Rear end mod? Which one are you talking about? I stock the entire line...


----------



## GasTiresandOil (Aug 2, 2004)

They put an entire 9" IRS in their car. You can buy one from OZ if you want to spend about $3K. They also channeled out the rear sub frame and body so they could fit larger tires on the rear. They had to remount the shock purches as well. They said they could do the mods for the larger rear tires for about $1.5K if your interested.


----------



## Braman'sGTO (Mar 14, 2005)

I would love to be able to put some 295's on the rear, with that mod and a few others im sure I could pull 1g on the pad. Did they say how long it takes to make that kind of a mod?


----------



## GasTiresandOil (Aug 2, 2004)

Braman'sGTO said:


> I would love to be able to put some 295's on the rear, with that mod and a few others im sure I could pull 1g on the pad. Did they say how long it takes to make that kind of a mod?



I remember seeing that they could do it in a weekend, but don't quote me.

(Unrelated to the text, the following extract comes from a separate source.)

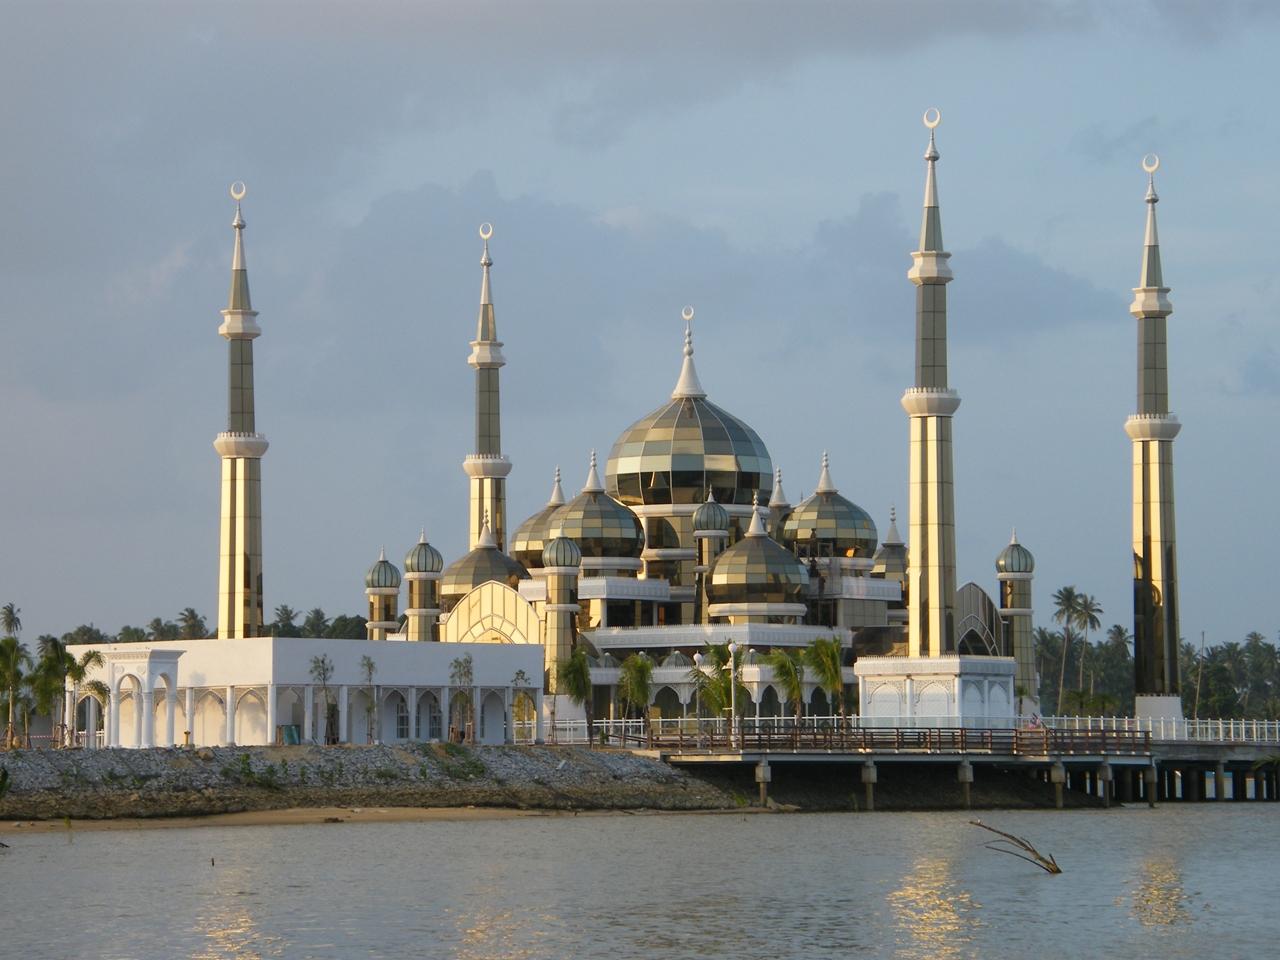 Bus From Singapore to Terengganu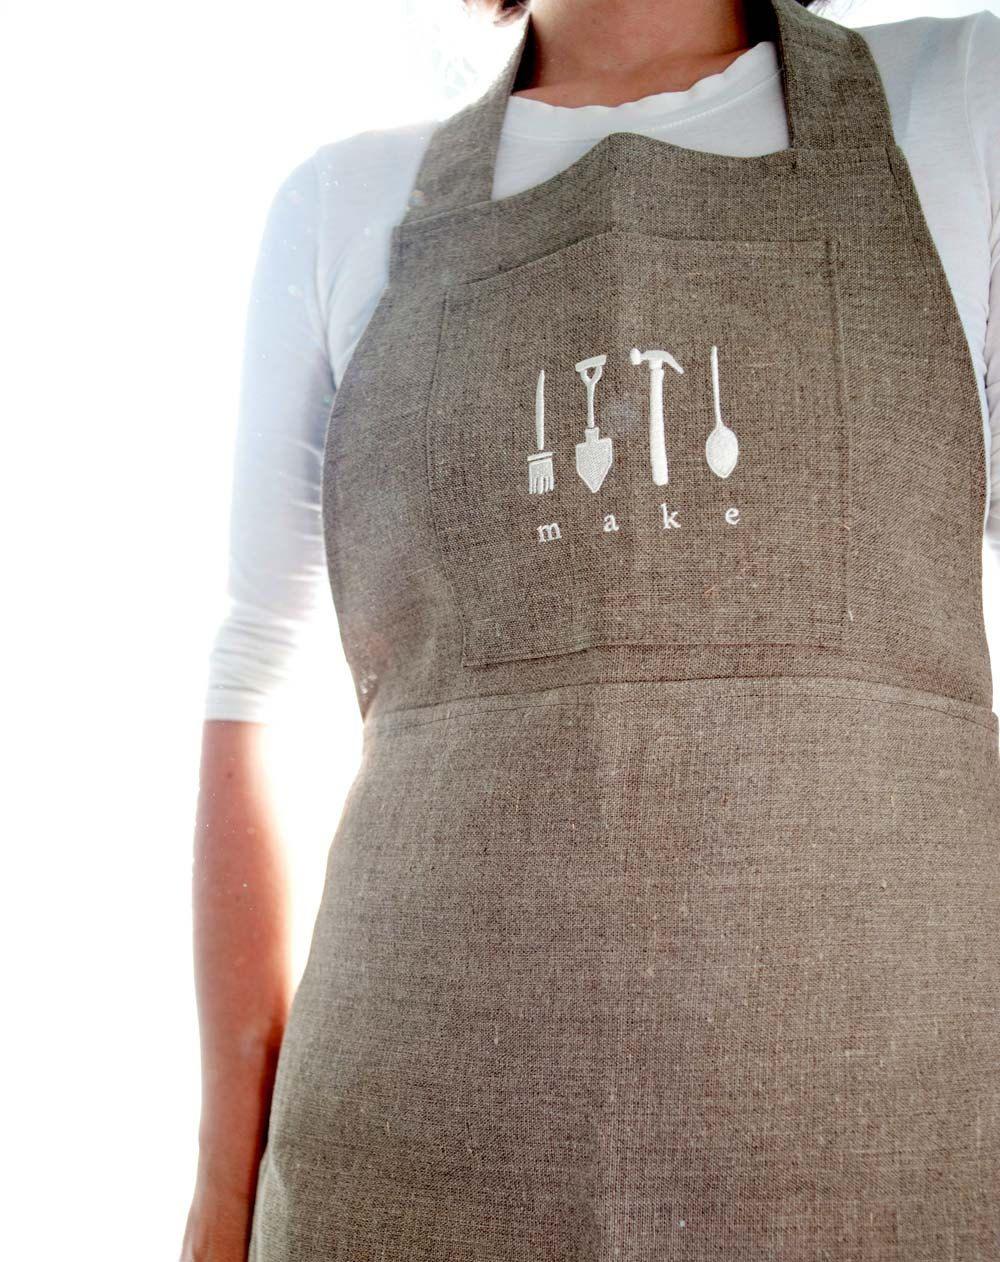 White apron mockup - Aprons

http://www.ls1gto.com/forums/showthread.php?t=12880&highlight=10*

Go here and read, there is a lot of info and pics upon what has to be done for the amount of money you will spend.


----------



## GTODEALER (Jan 7, 2005)

Oh, okay, I see what your saying. I don't know but you might call Stacey Rockey or her husband, they own it and they should tell you. Tell her Steve at Alan Young sent you and they may give you a break! :cheers


----------